If anyone is interested in a more 'pure' or 'scratch' implementation, check out https://github.com/michaelnny/QLoRA-LLM. (author here) It also supports 4-bit quantized LoRA, using only PyTorch and bitsandbytes, without any other tools.

2024throwaway · 2024-01-22T18:13:26 1705947206

This apple pie recipe claims to be from scratch, but they cooked it in an off the shelf oven. So it's from scratch on top of the universe...

dymk · 2024-01-22T17:52:06 1705945926

Not to be confused with LoRa ("long range"), a radio communication protocol. At first I thought this could be about using LLMs to find optimal protocol parameters, but alas.

OJFord · 2024-01-22T17:57:50 1705946270

It's the first thing that comes to my mind too, but this is mentioned in every thread (and there are far more of them for LoRA than LoRa atm), and in this case there's unlikely to be much confusion because it starts by spelling out the acronym: 'LoRA, which stands for Low Rank Adaptation, [...]'.

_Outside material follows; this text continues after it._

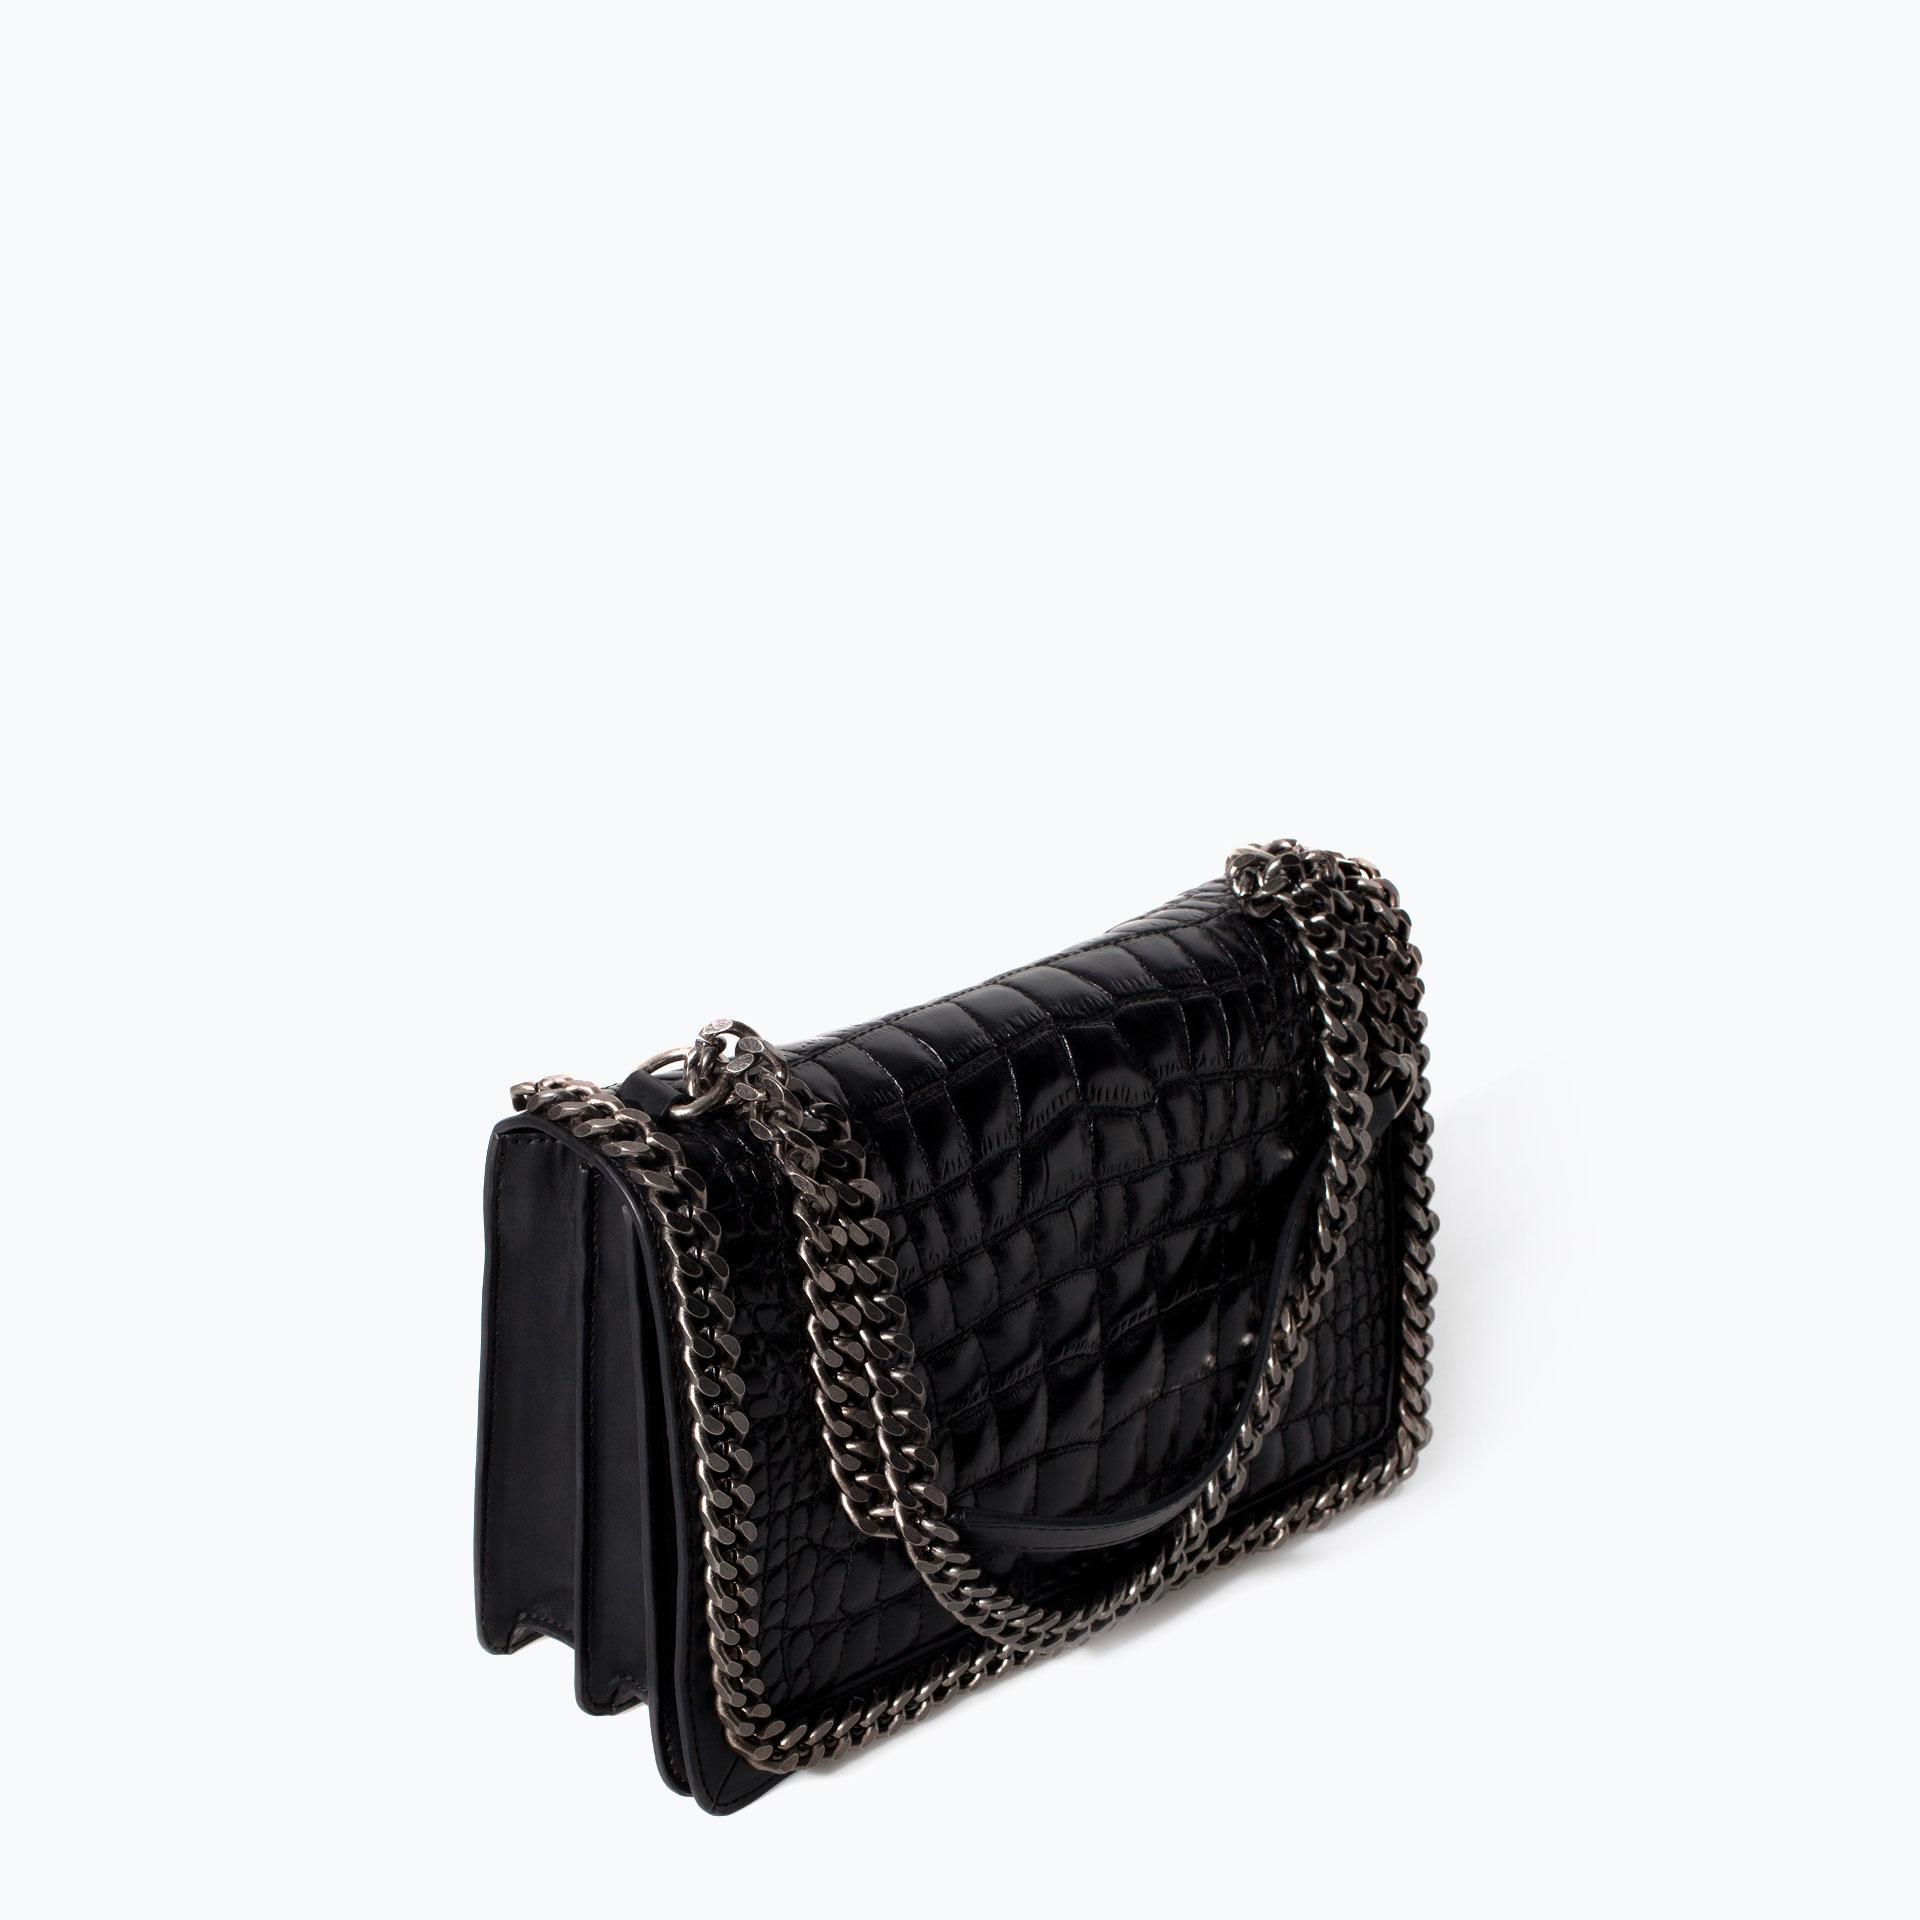 ae74e26cd5ae CROC AND CHAIN CITY BAG - Handbags - WOMAN | ZARA United States

cpfohl · 2024-01-22T17:54:00 1705946040

I had the exact same confusion

the__alchemist · 2024-01-22T18:45:11 1705949111

Concur; or at least don't use a mix of lower and upper-case, like the radio. I think there would be less mis-assumptions if they had called it "LORA", "Lora", "lora" etc. "LoRA" is asking for trouble.

thelastparadise · 2024-01-22T18:17:05 1705947425

This caught me off-guard as well.

I really wish they could have used abother acronym.

rasbt · 2024-01-22T18:00:12 1705946412

Hah, yeah that's LoRA as in Low-Rank Adaptation :P

ijhuygft776 · 2024-01-22T18:28:39 1705948119

I wish the wireless LoRa protocol would be open source...

ijhuygft776 · 2024-01-23T17:51:46 1706032306

https://www.epfl.ch/labs/tcl/wp-content/uploads/2020/02/Reve...

gourabmi · 2024-01-22T19:00:54 1705950054

Someone somewhere is already working on naming their project Lehsun.. /s

2024-01-22T23:09:38 1705964978

[dead]

Rudeg · 2024-01-23T00:06:08 1705968368

nice, looks very cool and useful! I'll definitely try it!